Each dataset was processed separately and PAS values for 65 main signaling pathways were calculated for every investigated sample in the dataset (Supplementary table 1). The PAS values for “HGPS” group from datasets GSE3860 [50], E-MEXP-2597 [55] and E-MEXP-3097 [56] were acquired using healthy human fibroblasts taken from these datasets as a reference. In turn, the PAS values for “Young”, “Middle” and “Old” groups from datasets were obtained from datasets GSE15829 [51], GSE17032 [52], GSE28300 [53] and GSE55118 [54], using the samples from “Young” group as a reference. Since the “Young” group samples was normalized on itself, all PAS values of all individual samples were zero when standard filtering thresholds were applied. However, to account for any pathway activation variation and gather more information, we decided to process the “Young” group without filtering and account the expression level of all genes obtaining non-zero PAS values for individual samples. After PAS values for all datasets had been calculated all samples were combined into the group they belong to, resulting in 15, 25, 16 and 26 samples in “Young”, “Middle”, “Old” and “HGPS” groups respectively (Table 1).
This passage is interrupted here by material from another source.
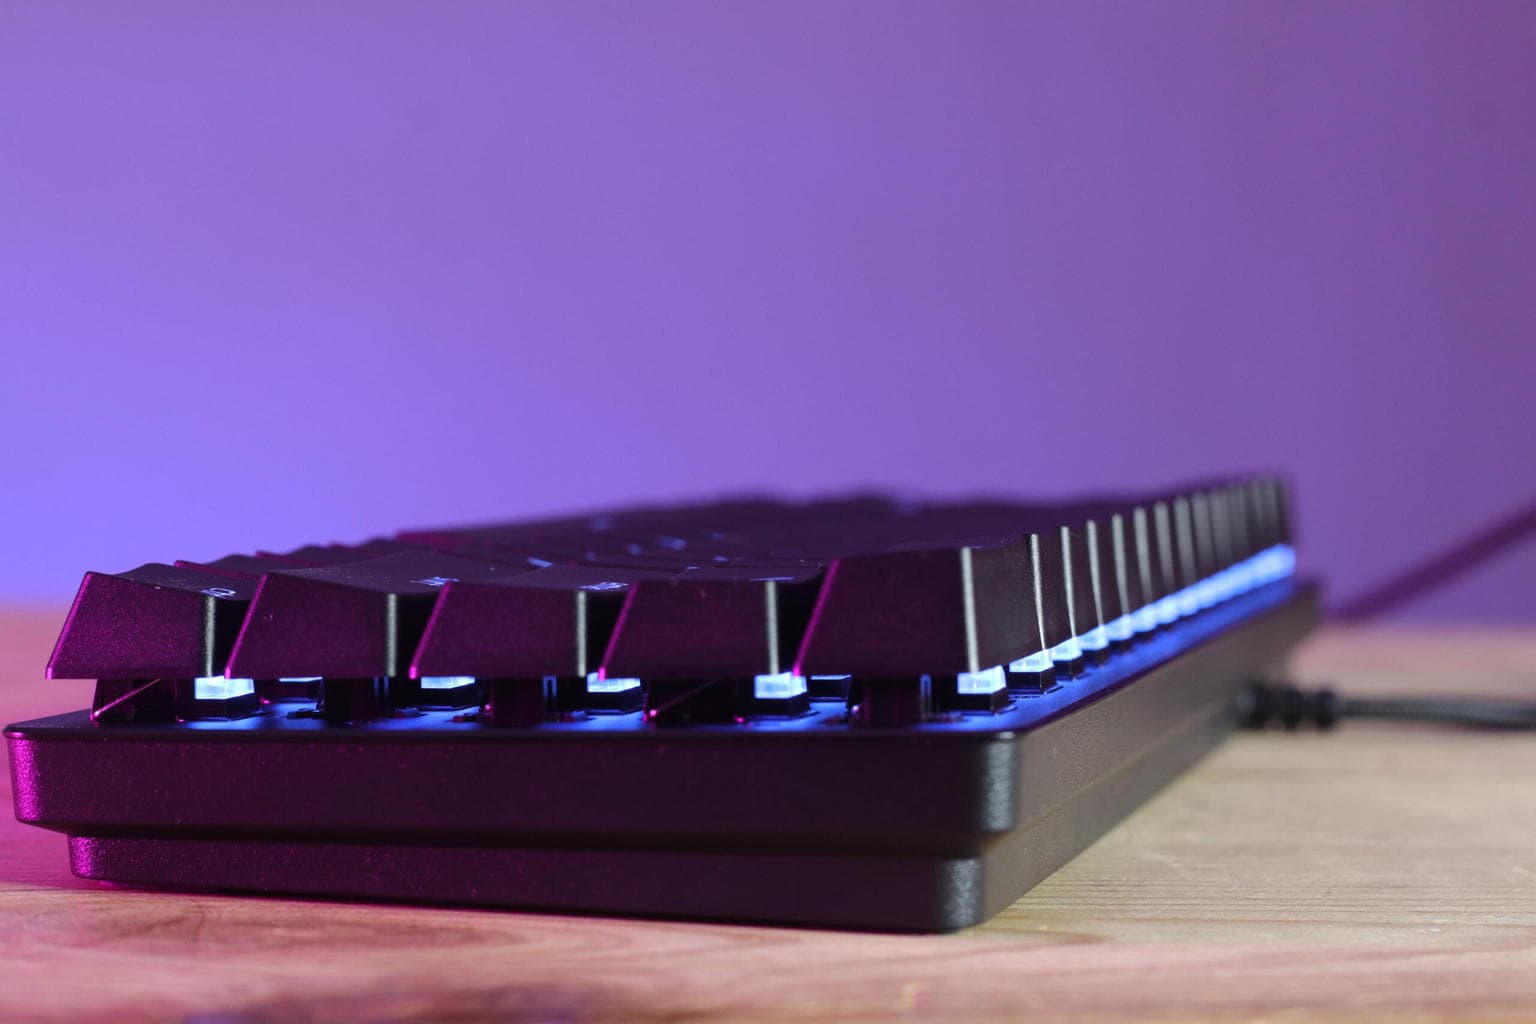 Review Razer Huntsman Mini Analog. Análisis en español del teclado óptico  más pequeño del mercado.
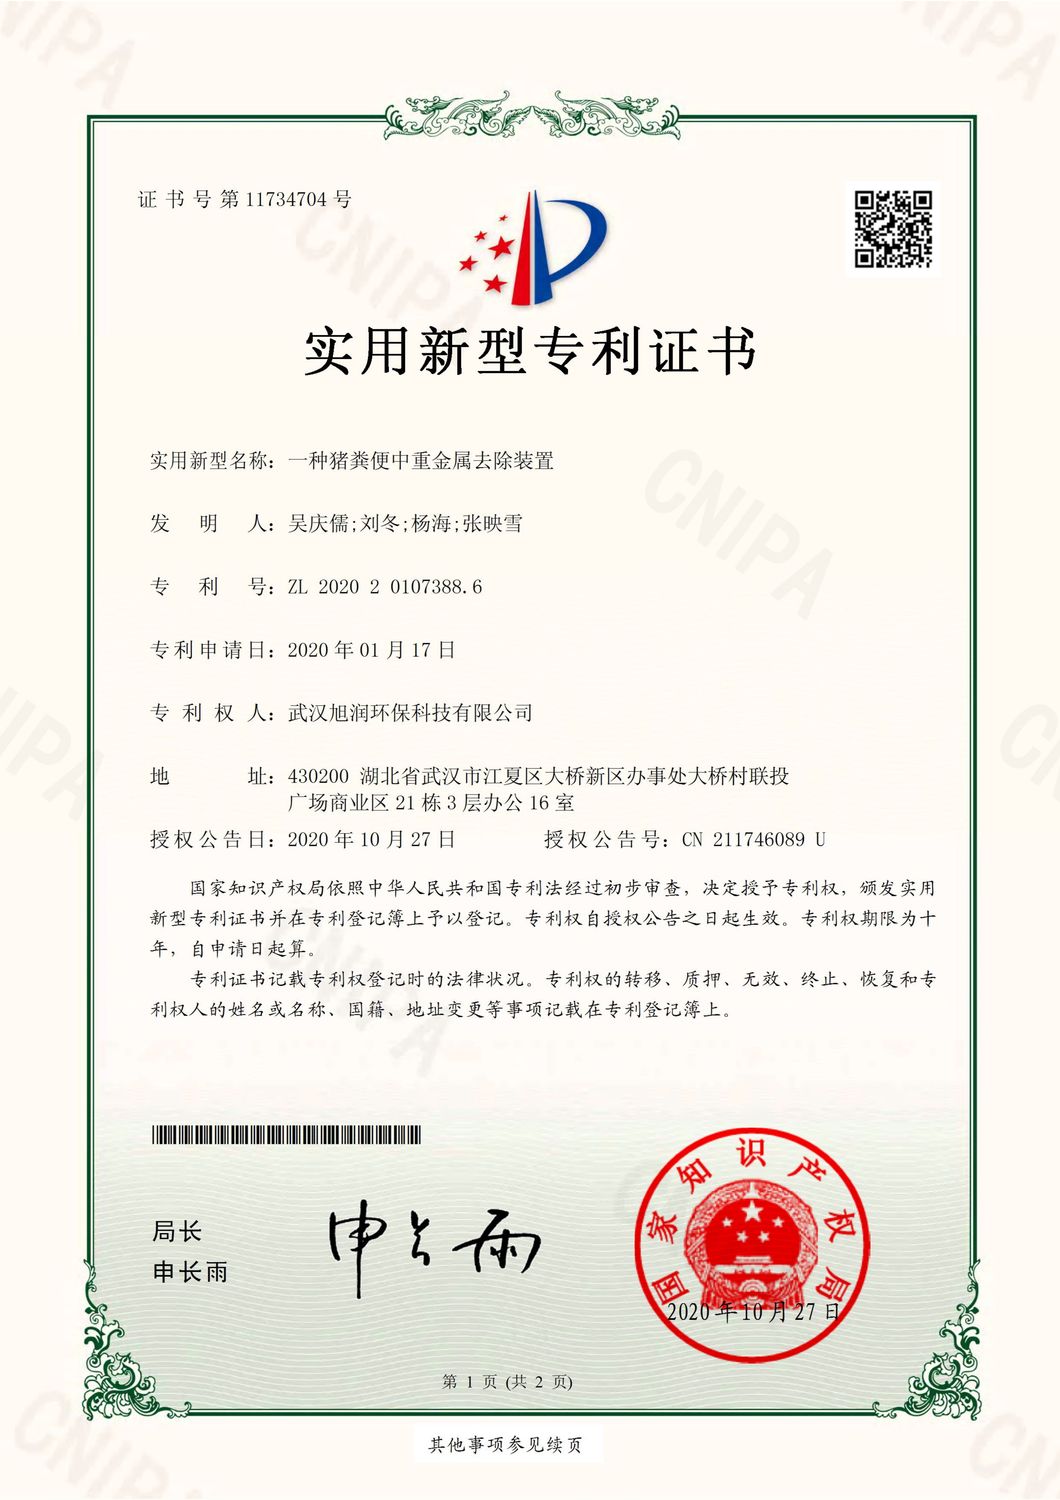 HF20B0149-武汉旭润环保-电子签章证书_1.jpg

Hierarchical clustering heatmaps were generated using ‘heatmap.2‘ function from ‘gplots’ package [59]. Pearson's correlation plot with hierarchical clustering of samples was built using ‘corrplot’ package [60]. Principal component analysis was done using the ‘prcomp’ function in the ‘stats’ package. For determining similarities of pathways between investigated groups statistical equivalence tests were conducted. They test the null hypothesis of difference in distribution of PAS value between conditions against the alternative hypothesis that these distributions are similar. For pairwise comparison of two conditions, an equivalence t-test was used. For comparison of three and four conditions we performed an equivalence F-test (equivalence one-way ANOVA test). Equivalence intervals were chosen according to referenced values from [61], so that all tests are comparable (0.74 for t-test and 0.74/sqrt(2) for F-test). Significance was established using significance level 0.05.

Supplementary Materials

Supplementary Table 1


The authors thank The First Oncology Research and Advisory Center (Moscow, Russia) and “UMA Foundation” (Moscow) for their support in preparation of the manuscript and Dr. Kristen Swithers from Yale University for her assistance with editing the manuscript.

Conflicts of Interest

The authors have no conflict of interests to declare.